I have a positive experience with citizens of Germany who expressed their solidarity and empathy toward the tragedy in Bosnia and Herzegovina. However, this is not the experience I have with German politicians. Namely, chancellor Kohl's government regarded the war in Bosnia and Herzegovina as an elementary catastrophe, sending over humanitarian aid and accepting Bosnian refugees; however, we who stayed in Bosnia and Herzegovina were in need of military intervention to prevent the genocide. Unfortunately, the German government was against any military intervention.
3. How do you see the fact that the Secretary-General of the United Nations does not want to express respect for the victims even by appearing in court although the surviving victims have taken the proceeding against the organisation he is running on their own shoulders?

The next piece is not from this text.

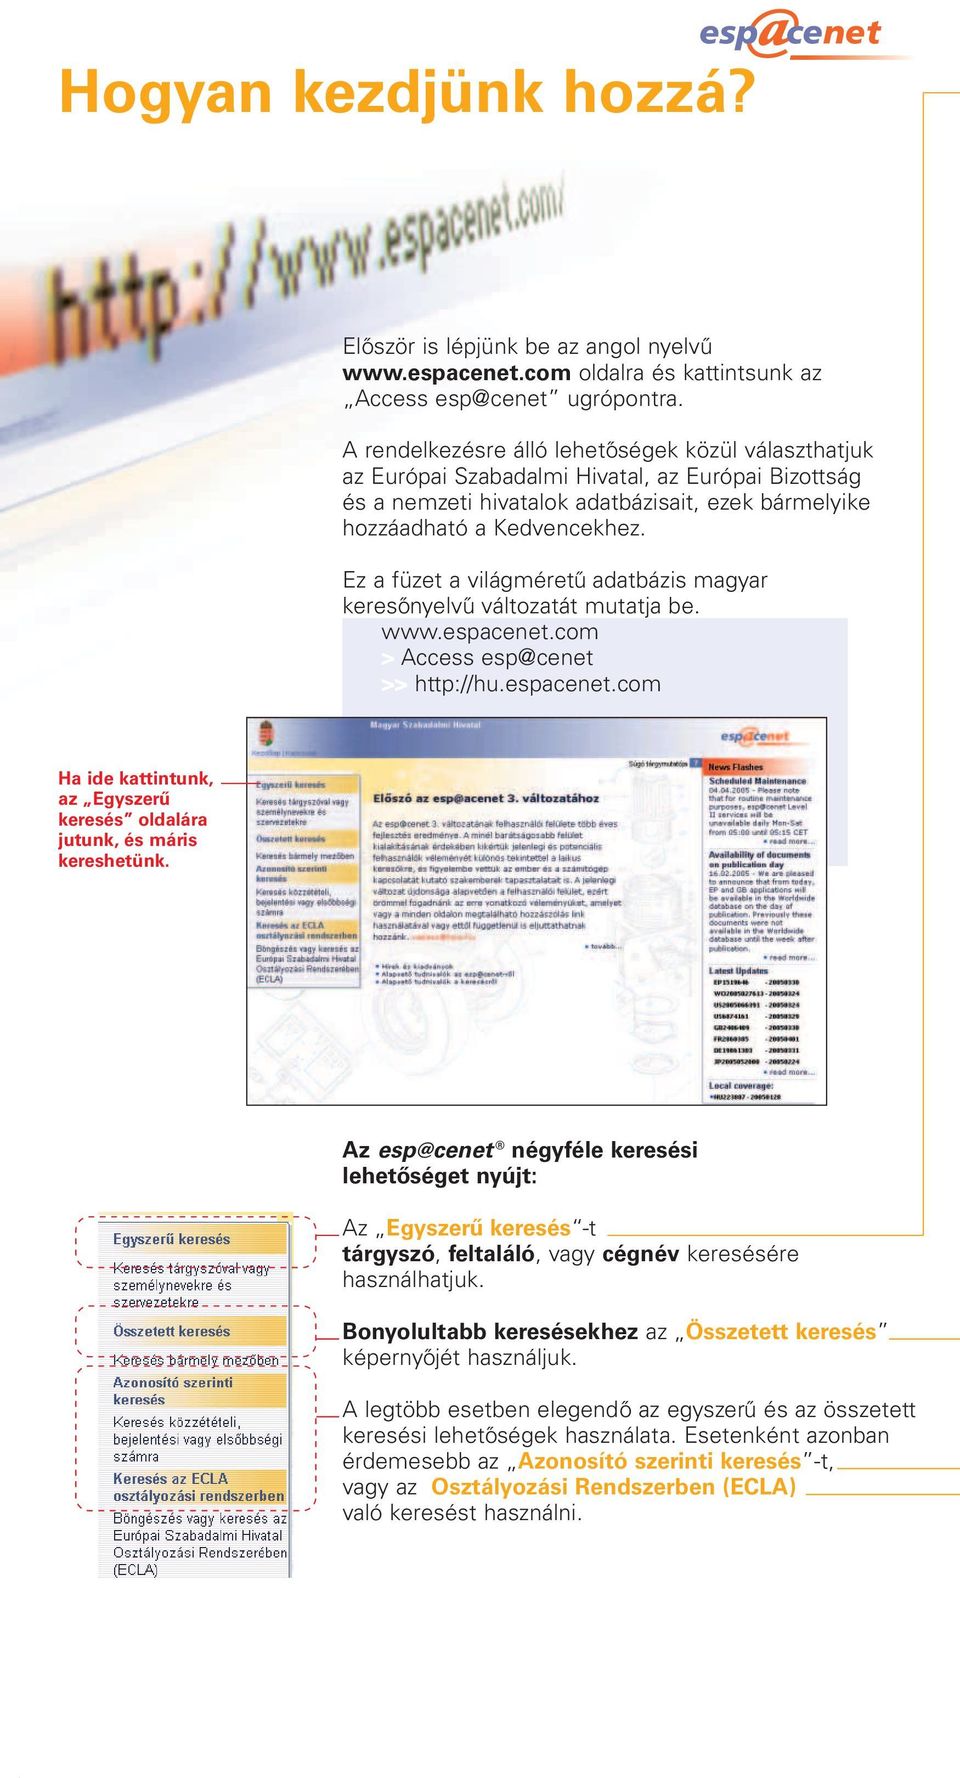 Ez a füzet a világméretű adatbázis magyar keresőnyelvű változatát mutatja be. > Access esp@cenet >> http://hu.espacenet.

I regard such behaviour as a sign of arrogance, but also of hypocrisy. The UN report on Srebrenica containing 180 pages and signed by the then Secretary-General of the UN, Mr. Kofi Annan, does include confession to the UN's responsibility, but not to its guilt of the genocide committed in Srebrenica. Therefore, I believe that, if not out of respect for the victims, then out of his personal responsibility, the Secretary-General should appear in court.
4. How do you regard the Pillar of Shame?
The Pillar of Shame stands as the victims' accusation against those who did nothing to protect the civilian residents of the Srebrenica enclave that had been placed under the UN protection. Simultaneously, it is an admonition to the UN to act efficiently and prevent another genocide from occurring under its flag.
5. Can the Pillar of Shame that will point to the direct responsibility of the UN for the Srebrenica genocide change the arrogance and ignoring relation of the UN toward the surviving victims of the genocide? What are the chances that the Pillar of Shame will motivate the UN to make preventing genocides their priority task?
I believe that the Pillar of Shame will open numerous moral dilemmas. I am certain that the Pillar of Shame will keep those individuals whose names it will bear awake at night. Beside moral punishment, the statue calls upon the UN to prevent genocides in the future. Srebrenica can never happen again, not to anyone.